___ Dataset excerpt ___

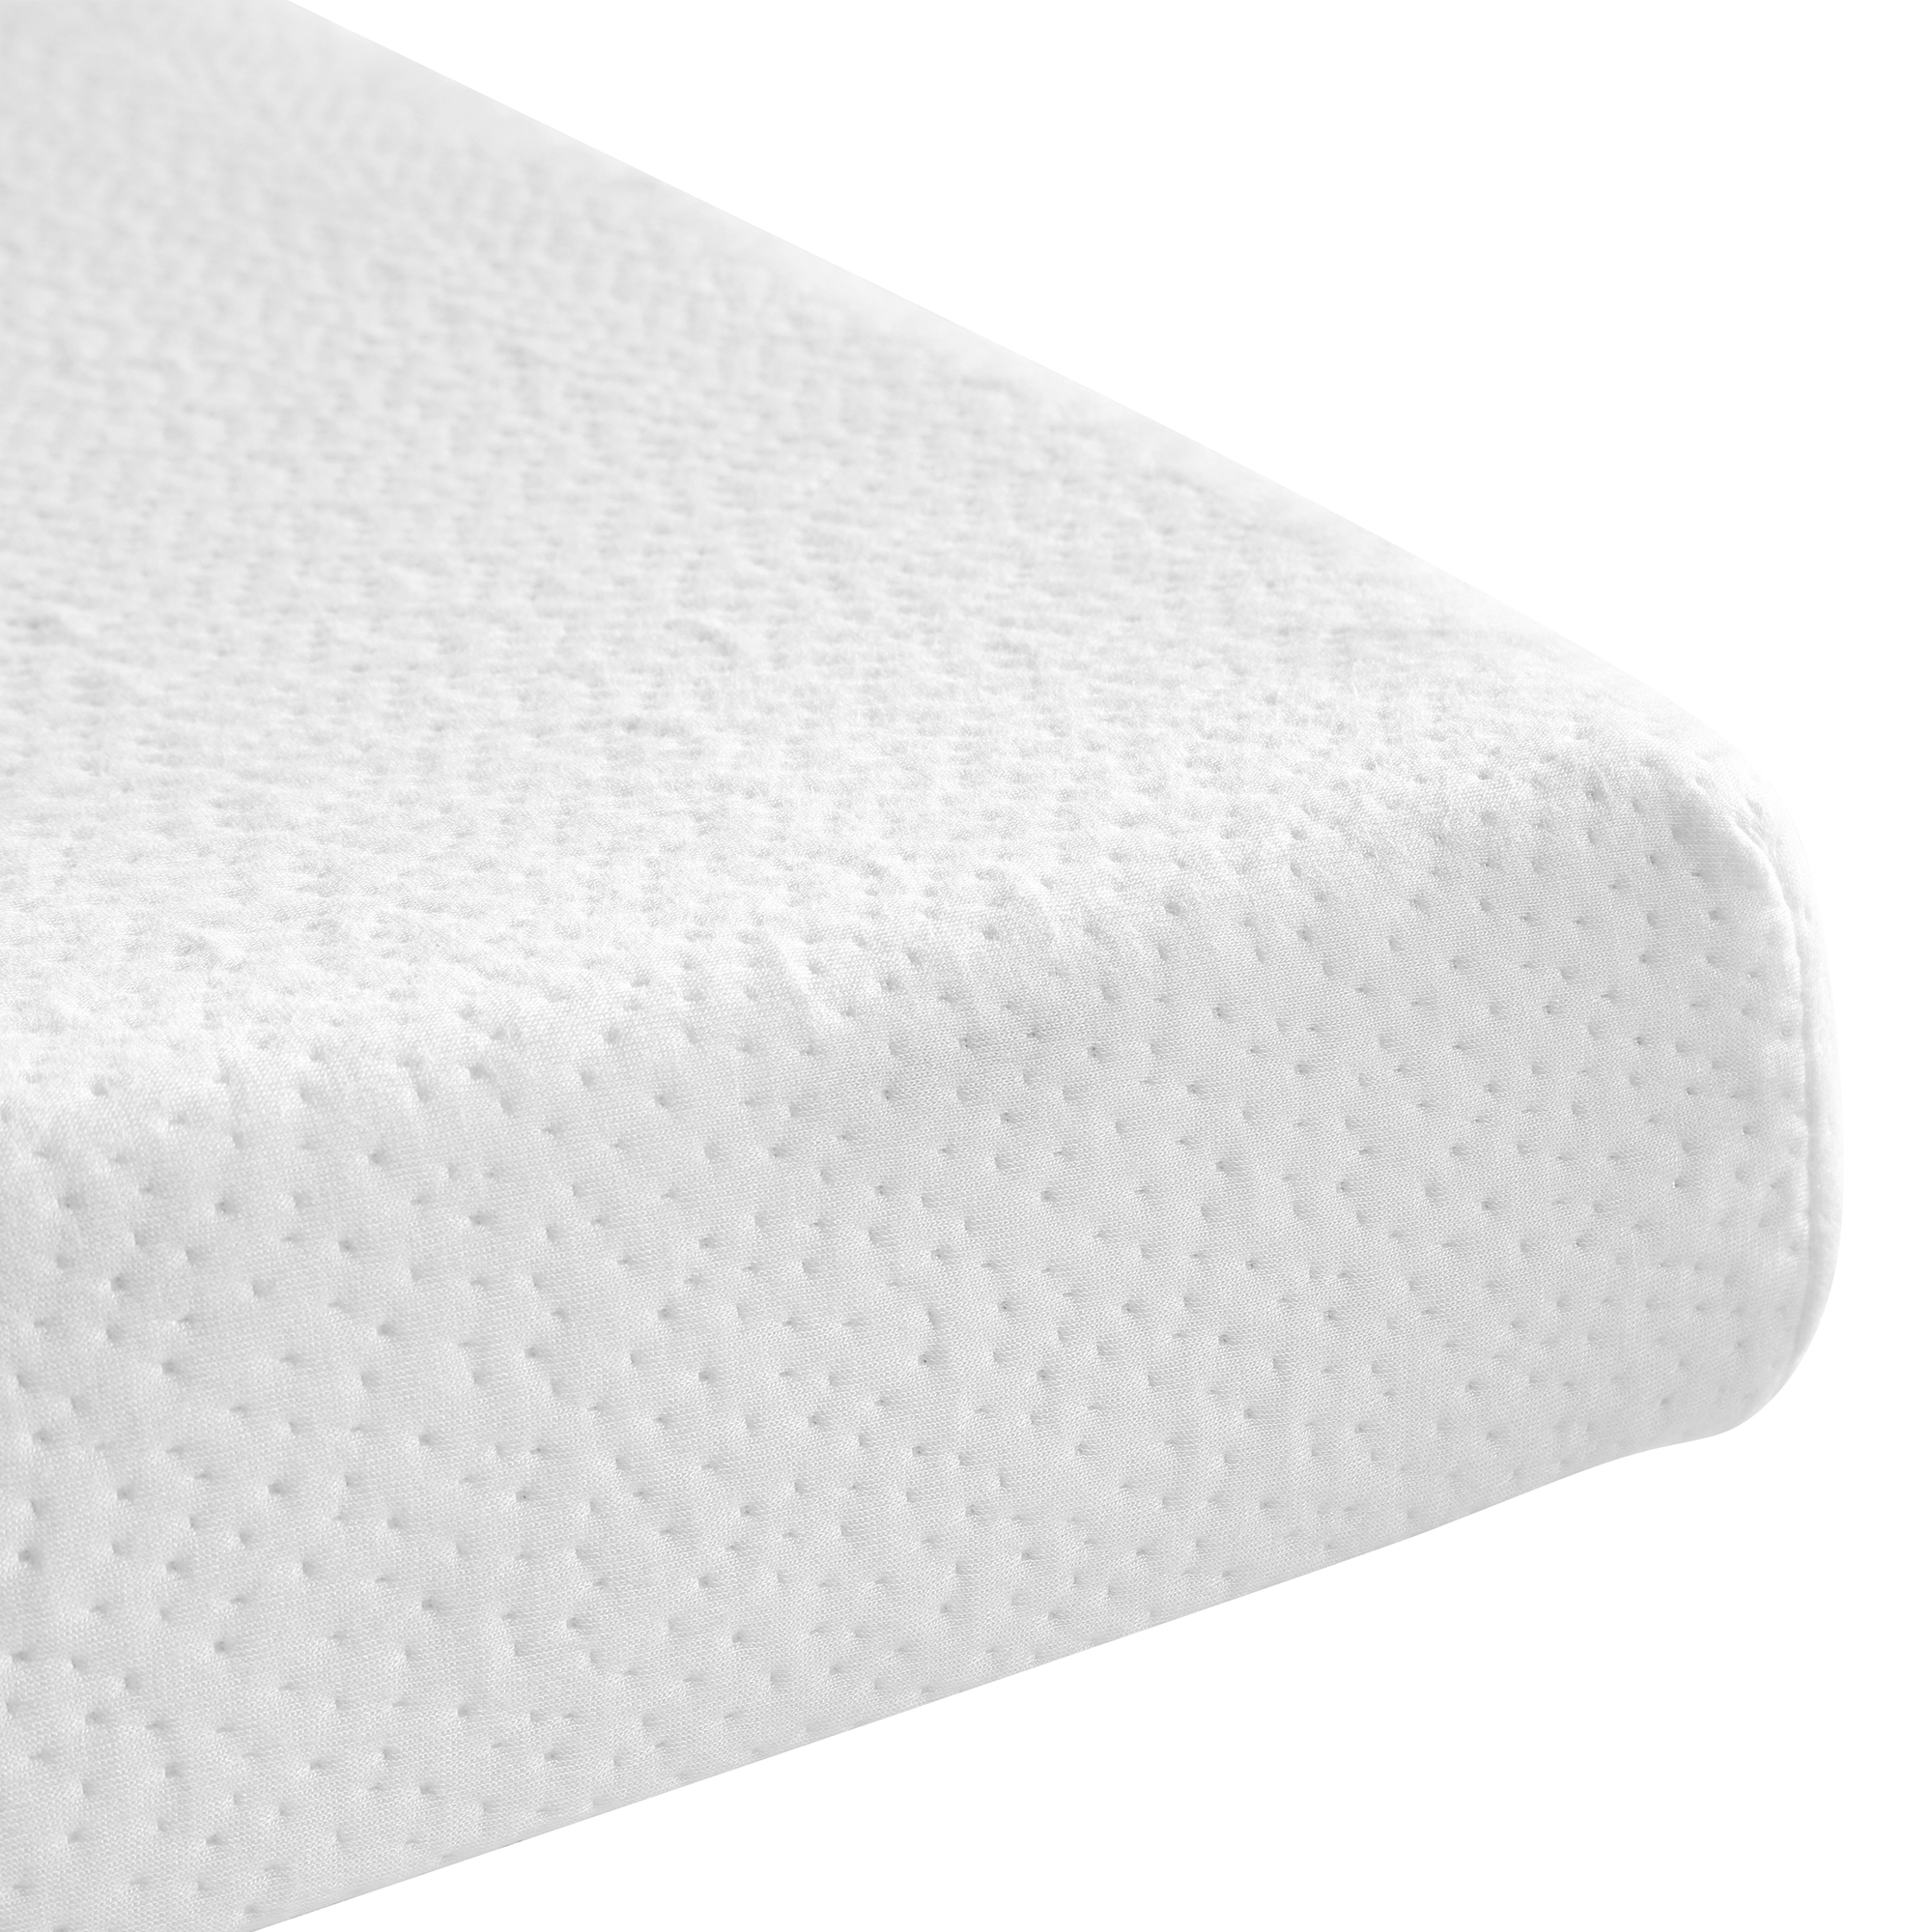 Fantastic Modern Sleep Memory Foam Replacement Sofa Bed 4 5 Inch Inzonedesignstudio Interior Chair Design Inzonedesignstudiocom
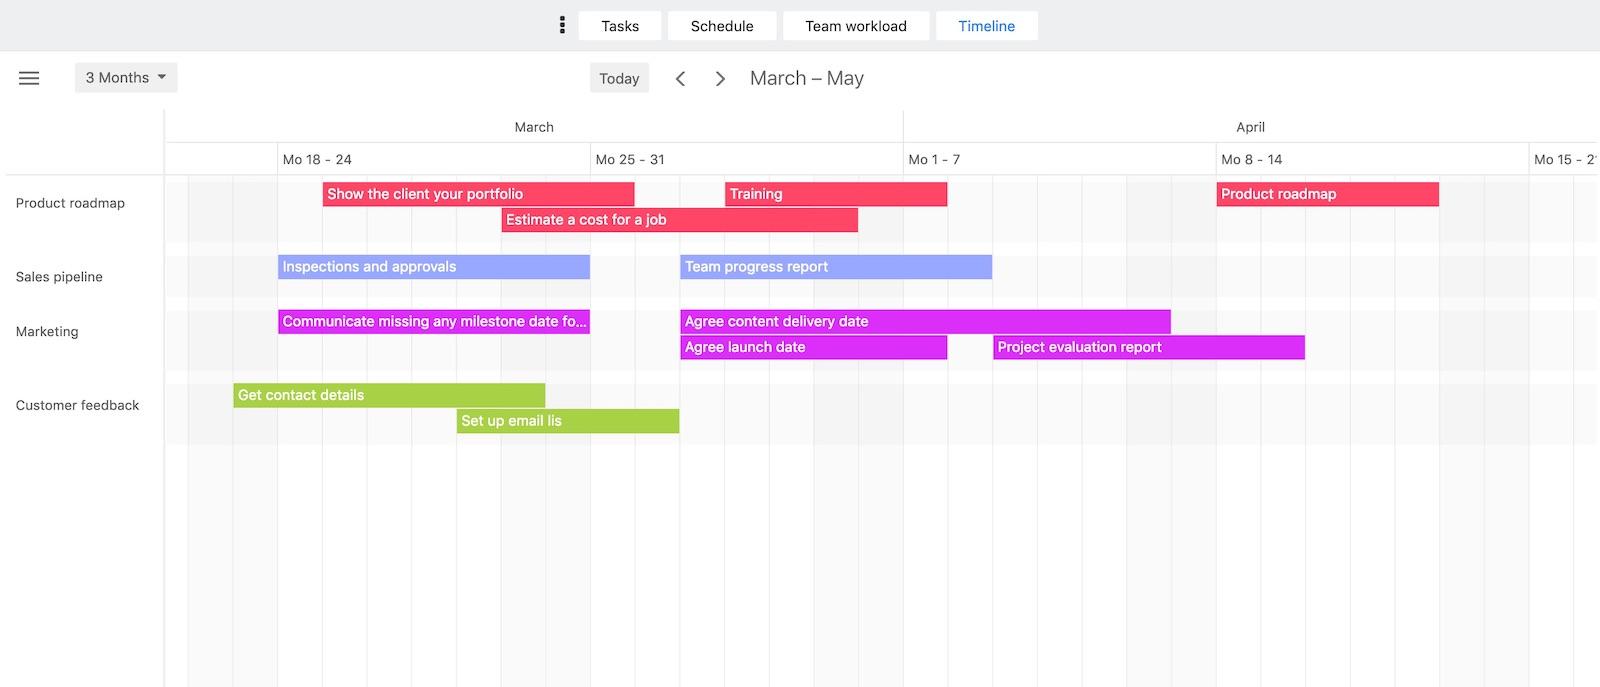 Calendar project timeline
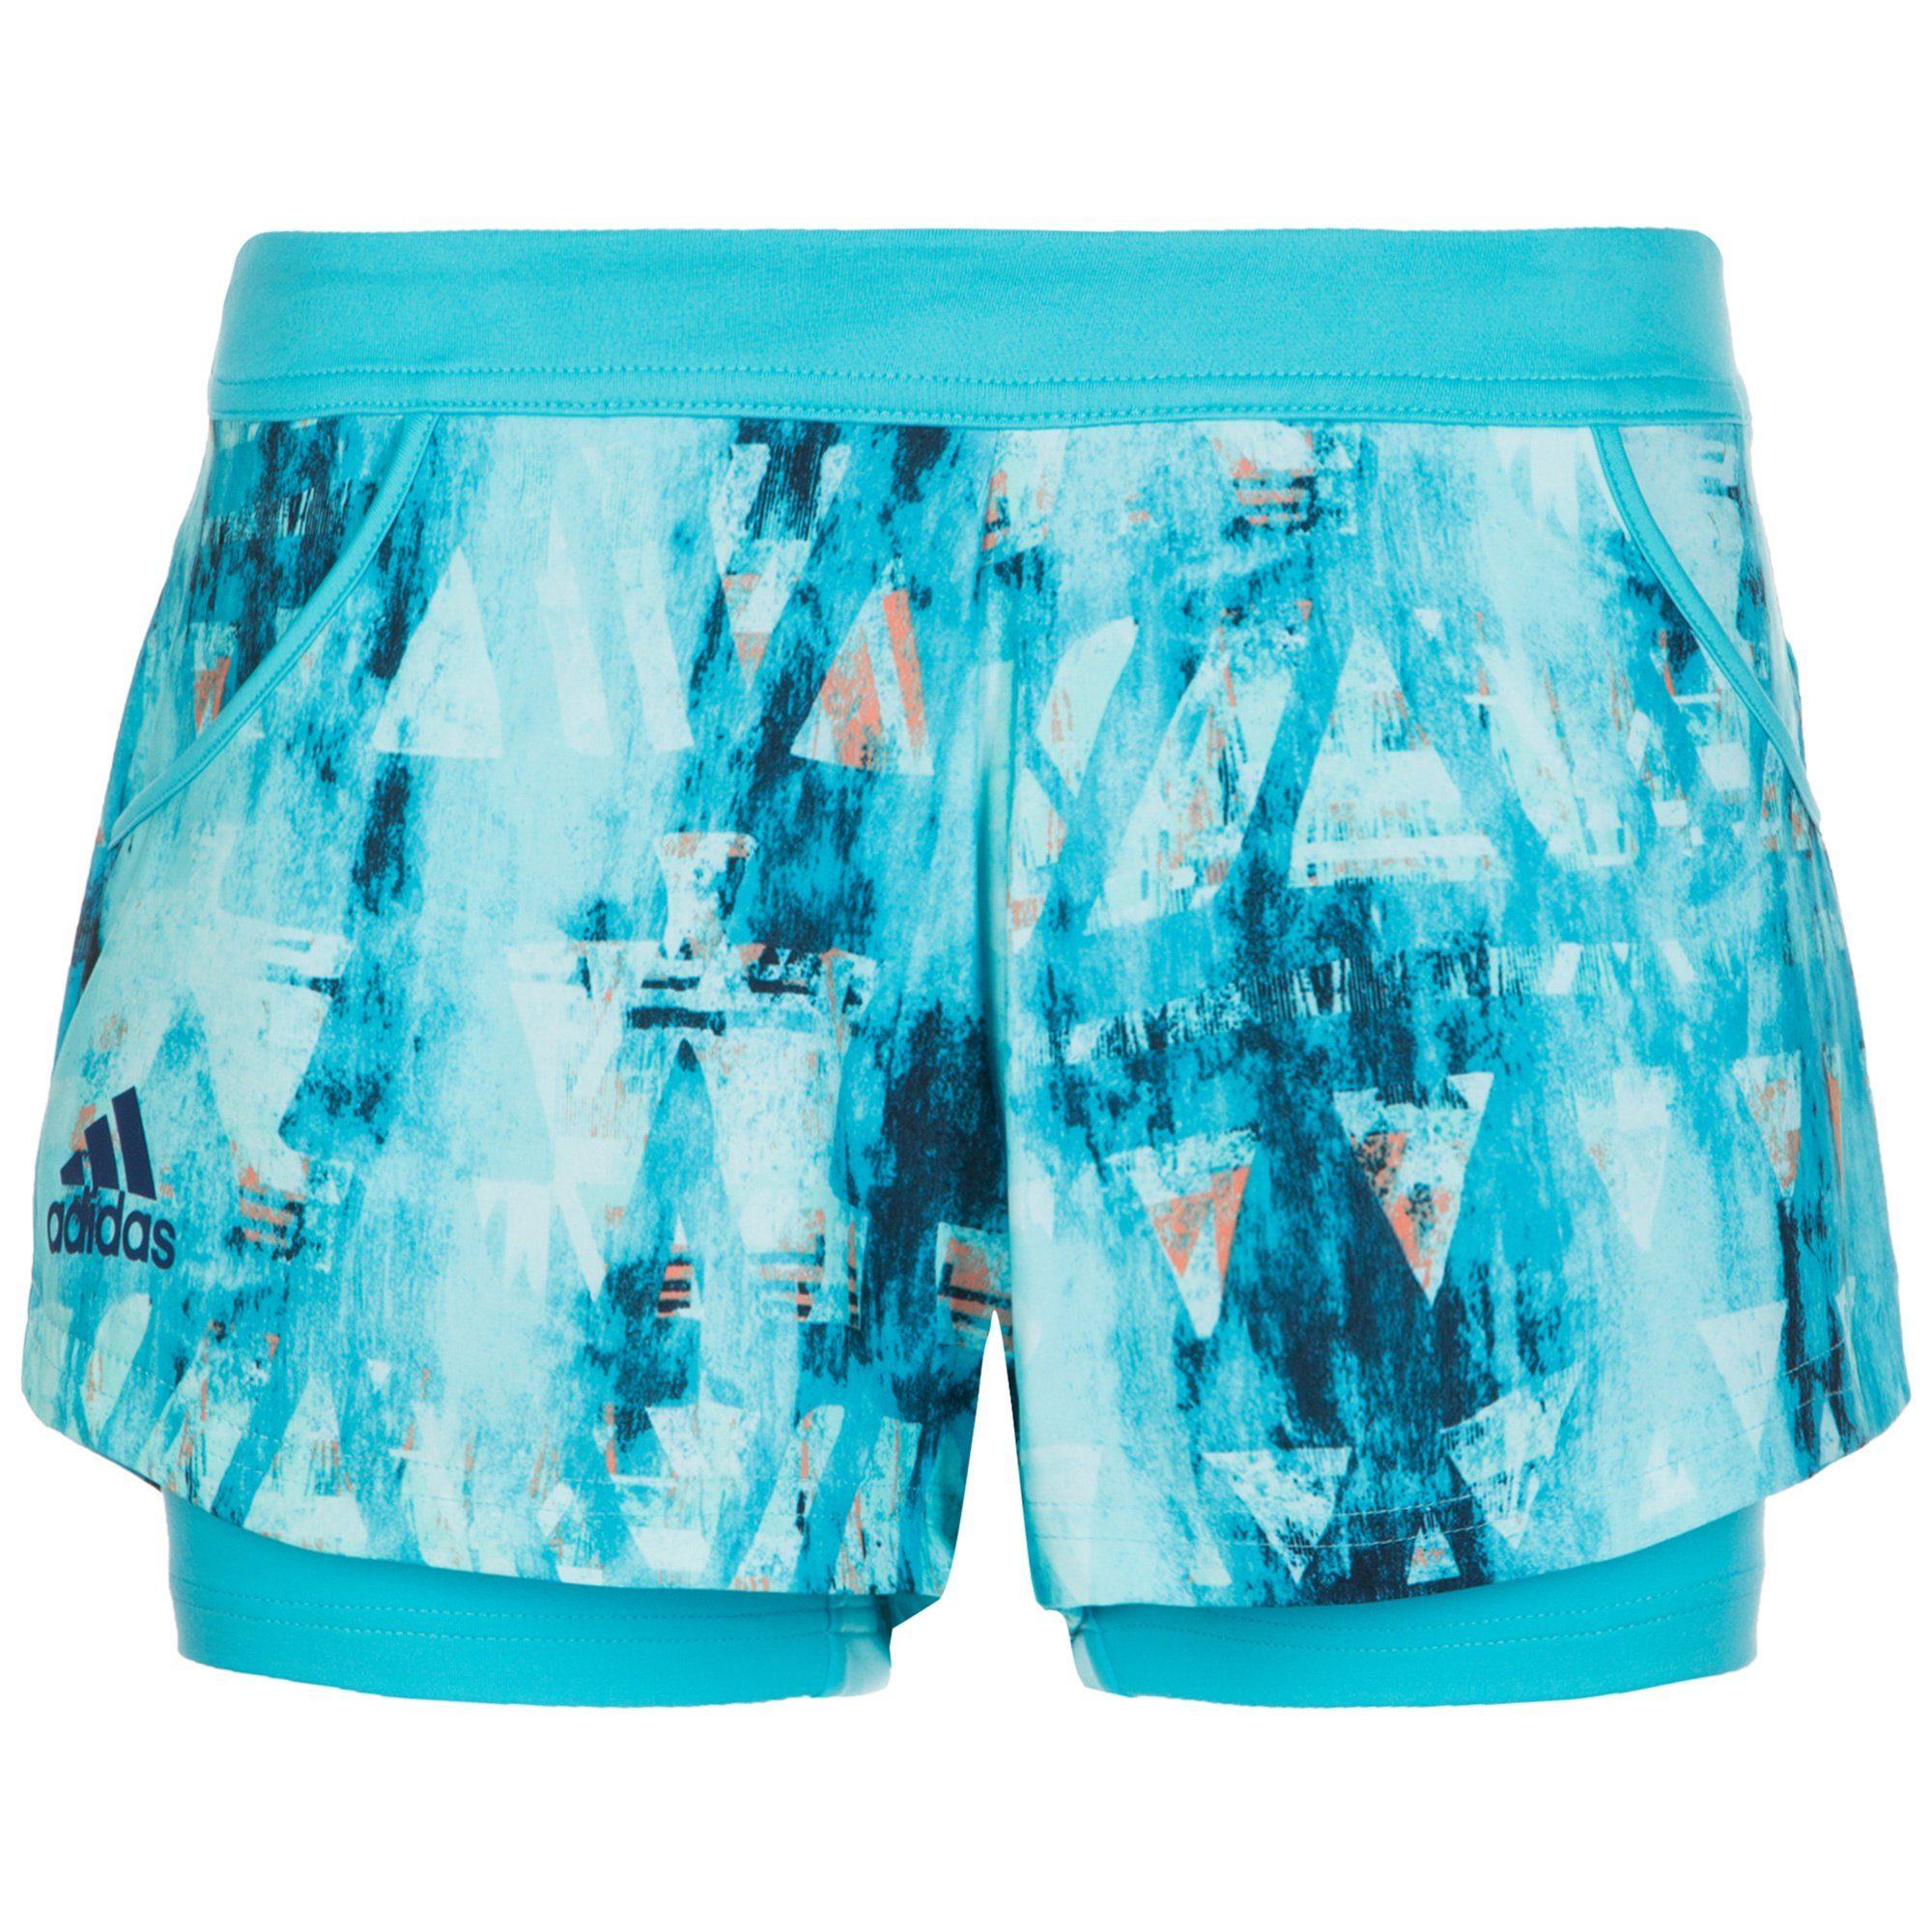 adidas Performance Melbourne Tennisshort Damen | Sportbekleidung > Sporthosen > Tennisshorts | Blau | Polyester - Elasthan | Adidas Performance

___

▸ **Required work**
Retype the line containing "Calendar project timeline" and all lines after it to the end of the material, exactly as written, leaving out any pictures.

▸ **Result for this task**
 Calendar project timeline
 adidas Performance Melbourne Tennisshort Damen | Sportbekleidung > Sporthosen > Tennisshorts | Blau | Polyester - Elasthan | Adidas Performance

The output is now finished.